Ellwanger Estate, 625 Mt. Hope Avenue.


$12, with coffee, tea and light refreshments by Eco Bella Bakery

For details, contact Rose O'Keefe: rok@rochester.rr.com; (585.244.4558)

Monday, May 16, 2011

The Erie Canal: The Power of a Can-Do Attitude



Skaneateles Library
Saturday May 21, 2011 1:00 p.m.

Author Martha Kendall tells the amazing history of the canal, which President Jefferson and President Madison said could never be built. They claimed the idea was "madness." But the 8th Wonder of the World was built, and the young United States knew that anything was possible! In addition to telling stories about this engineering marvel of its time, Martha Kendall performs music of the era on fiddle, guitar, banjo and penny whistle, and she shows stunning images of the canal today.

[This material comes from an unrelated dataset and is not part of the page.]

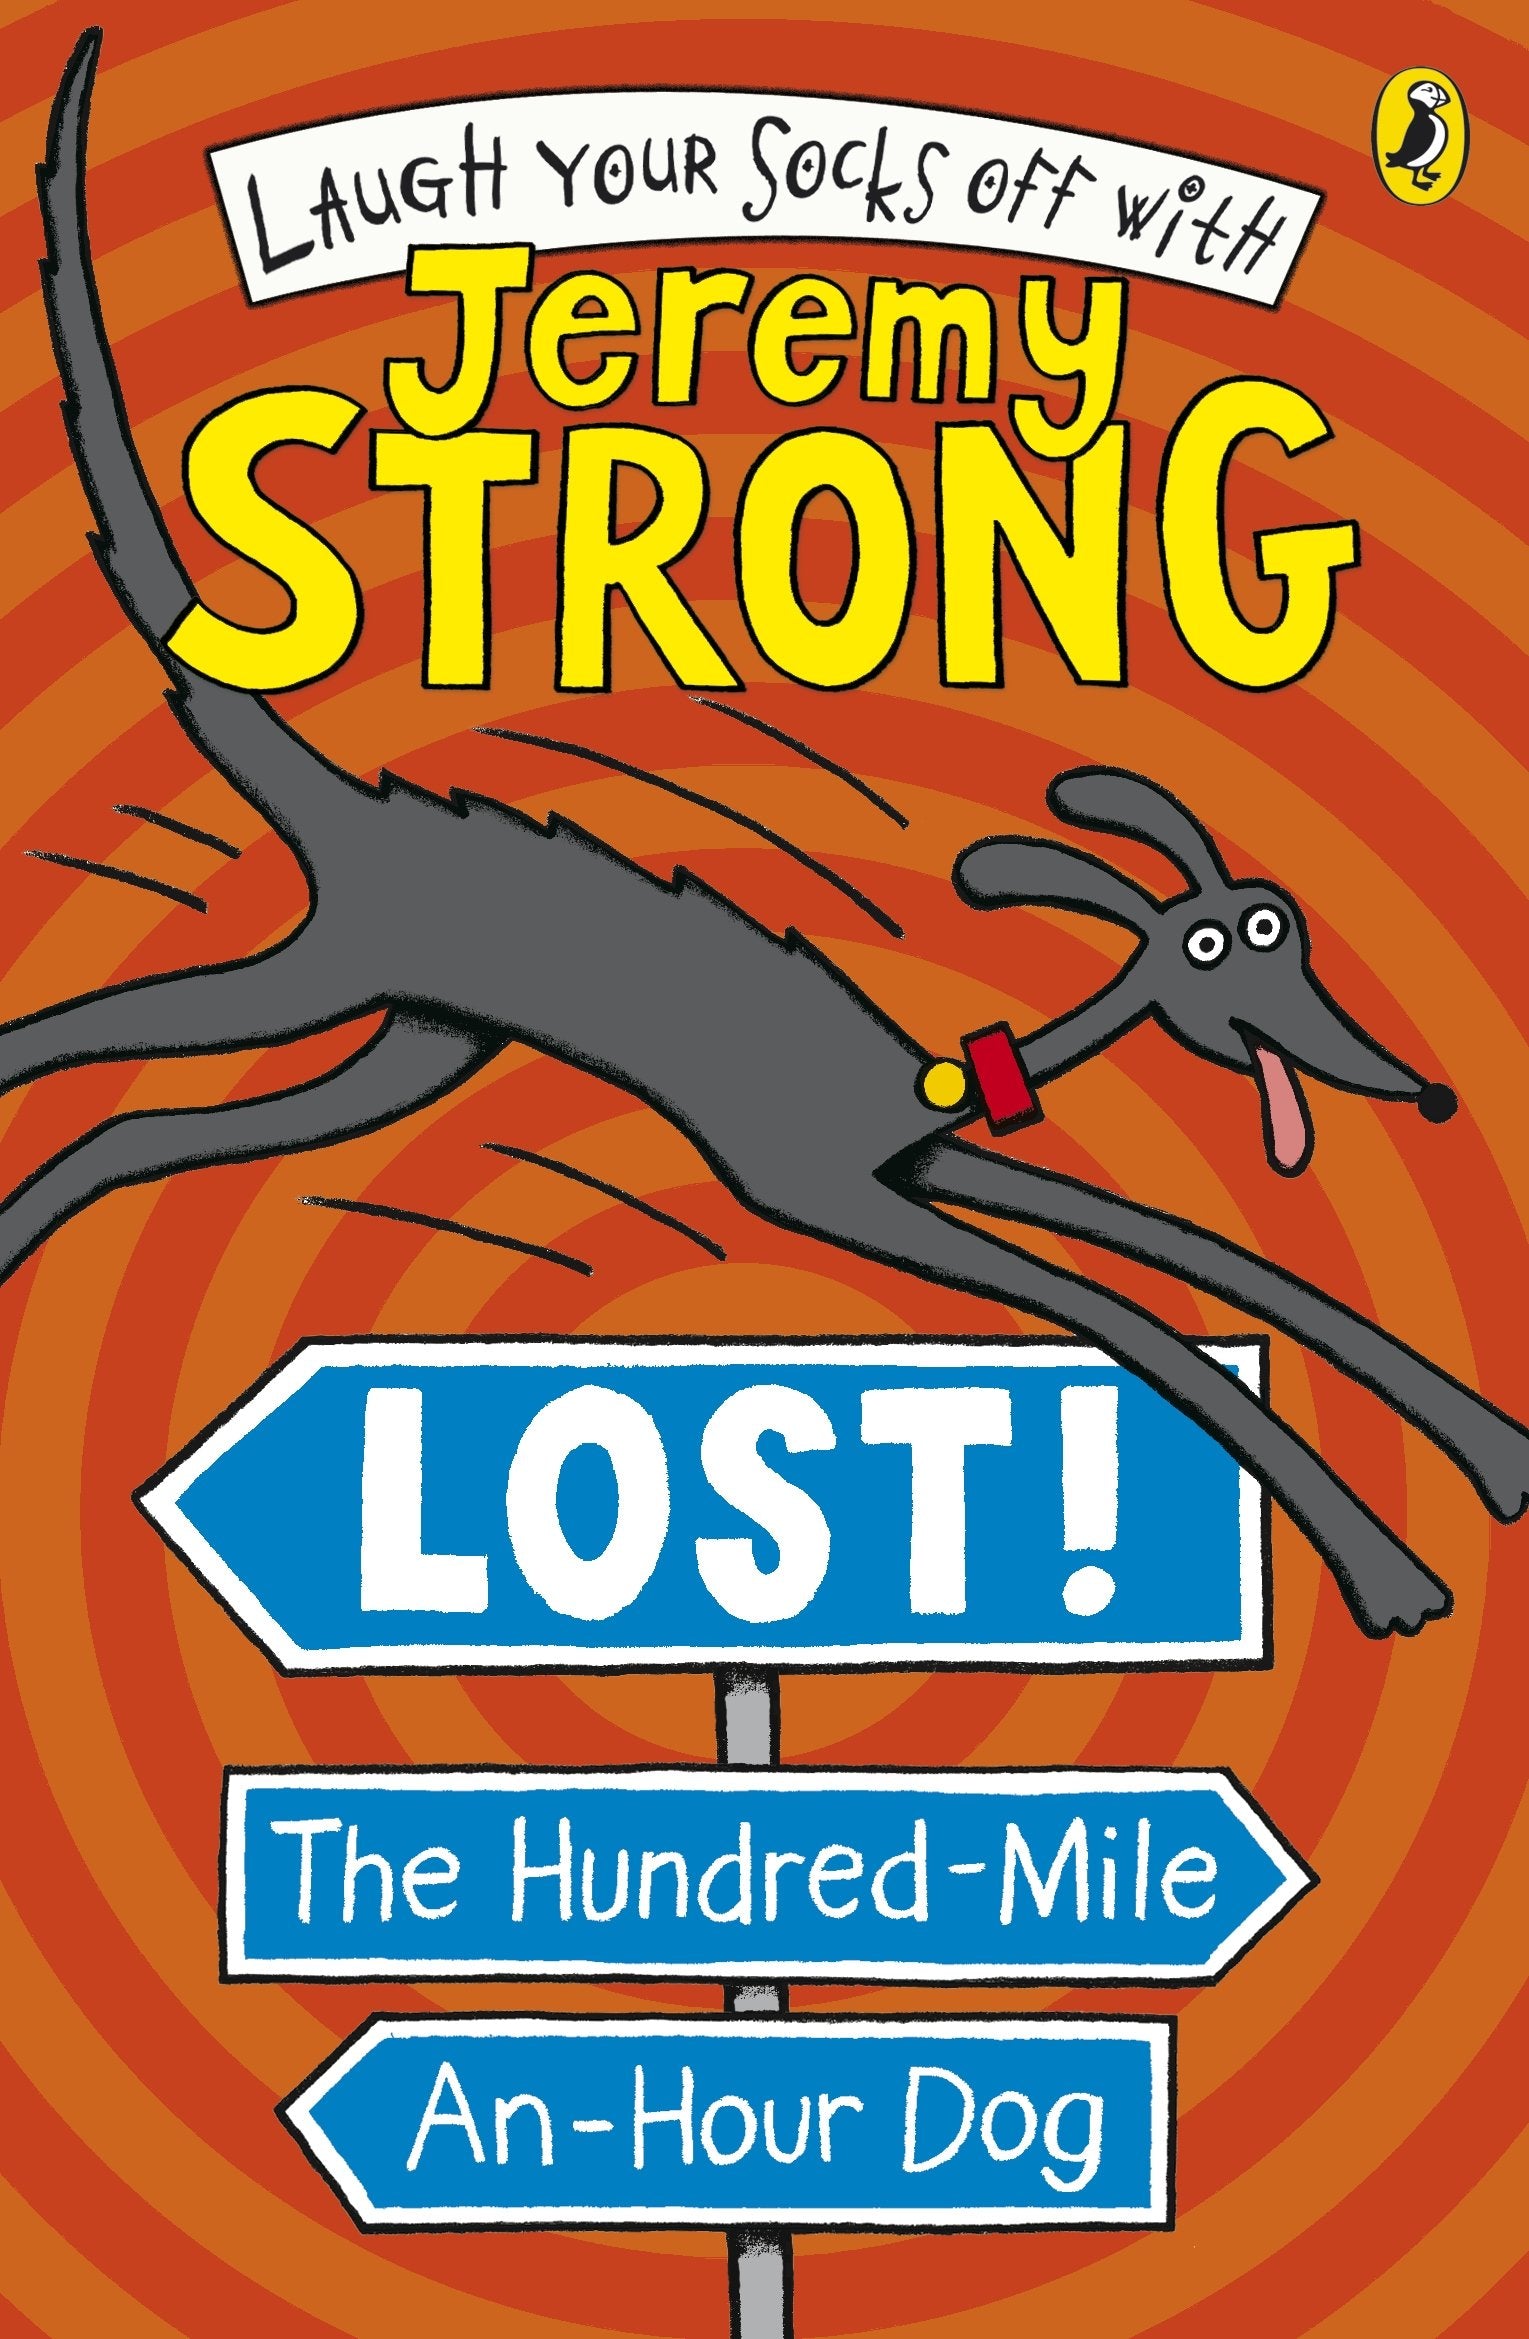 Jeremy Strong LOST! Hundred Mile an Hour Dog | Card Merchant Takapuna

Free. No registration required. One-Time Event.

Sunday, May 15, 2011

DISASTER ON THE LAKE

CANCELLED
MEET THE AUTHOR

"Disaster on Lake Erie:
The 1841 Wreck of the Steamship Erie"

Meet author Alvin F. Oickle, when he joins us at the Historical Society on May
19, to sign copies of his new book on a historic Lake Erie disaster.

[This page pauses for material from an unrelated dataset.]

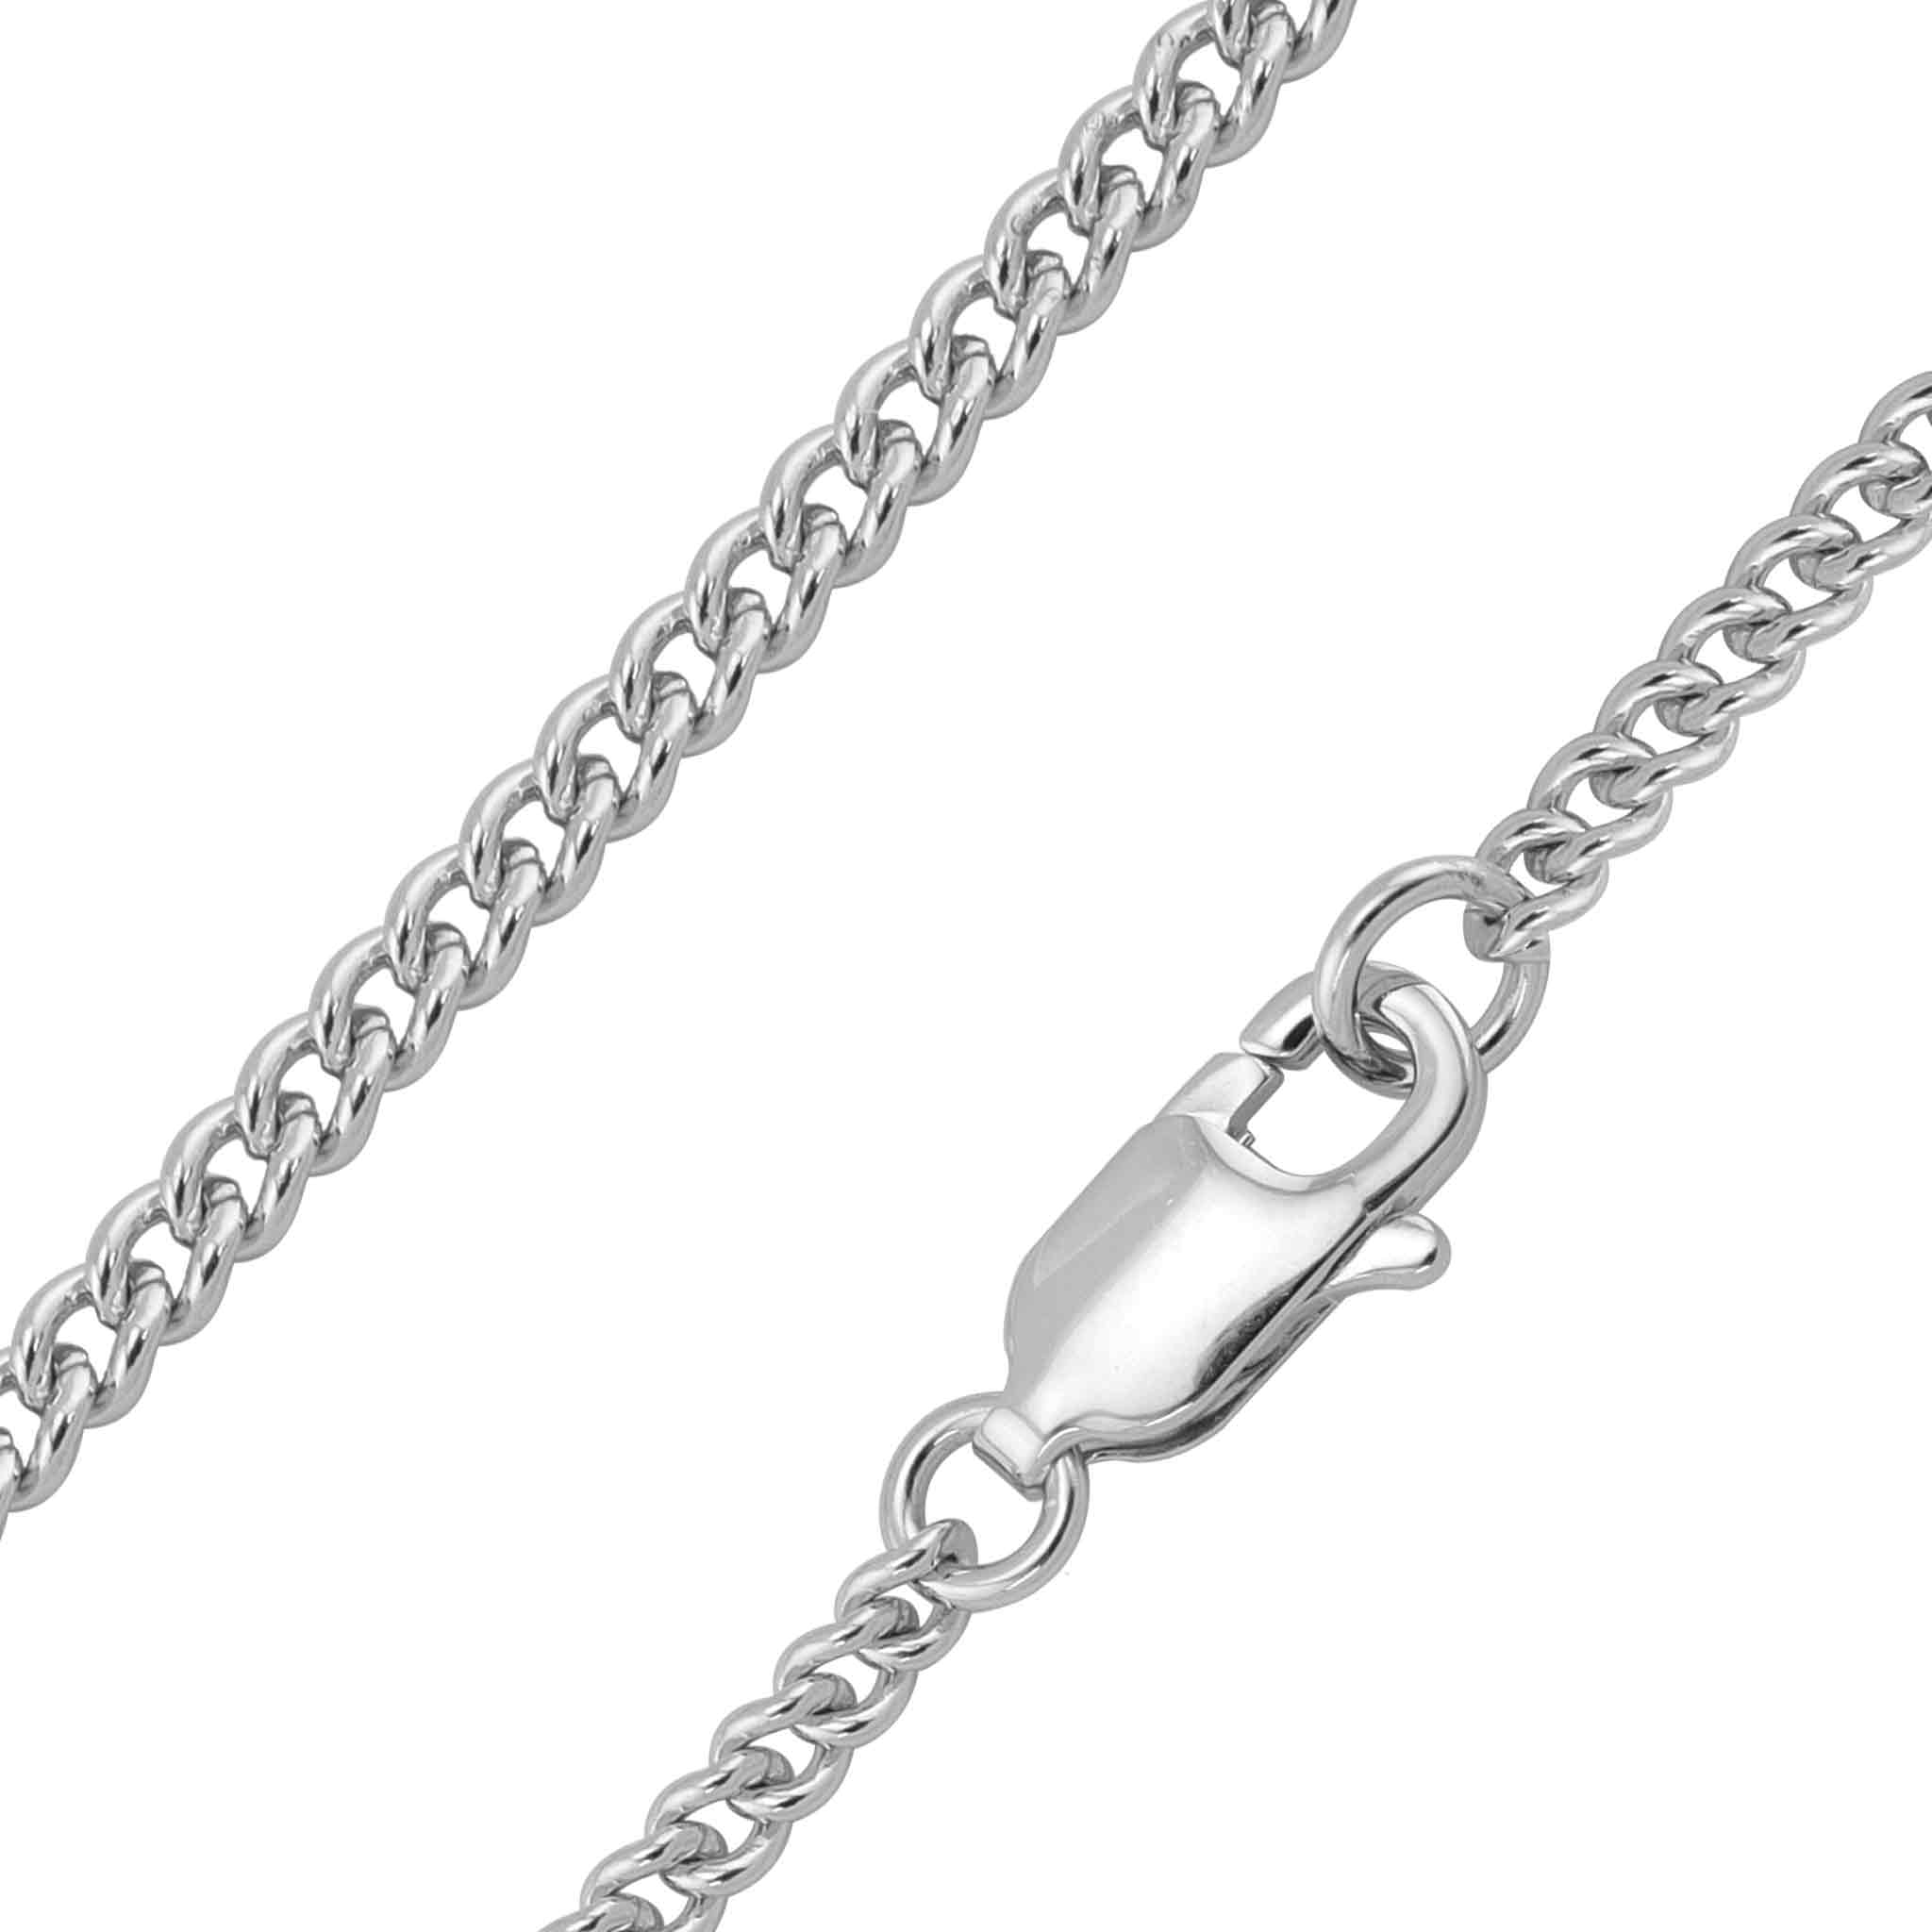  30 Pack Necklace Chains 2mm Stainless Steel Link Cable

According to his publisher, Mr. Oickle's newest release from the imprint is an
exciting treatise on a historic happening:
"On August 9, 1841, the steamship Erie, one of the most elegant and fastest
sailing [such vessels] between Buffalo and Chicago, departed, carrying 343
passengers. Many were Swiss and German immigrants, planning to start new lives
in America's heartland-[and] most never made it. The Erie erupted in flames
during the night, and, despite the heroic efforts of the crew of the rescuing
ship Dewitt Clinton, 254 lives were lost. As news of this disaster spread,
internationally renowned artists and writers, including Horatio Alger Jr. and
possibly James Fenimore Cooper, wrote about 'John Maynard,' a fictitious, heroic
helmsman. Historian Alvin F. Oickle's minute-by-minute account weaves together
the tragedy of the immigrant families almost at journey's end, the legend of
John Maynard that developed in the aftermath, and the fury of a fire on an
ocean-like lake."

WHEN: Thursday, May 19, 1:00 to 3:00 p.m.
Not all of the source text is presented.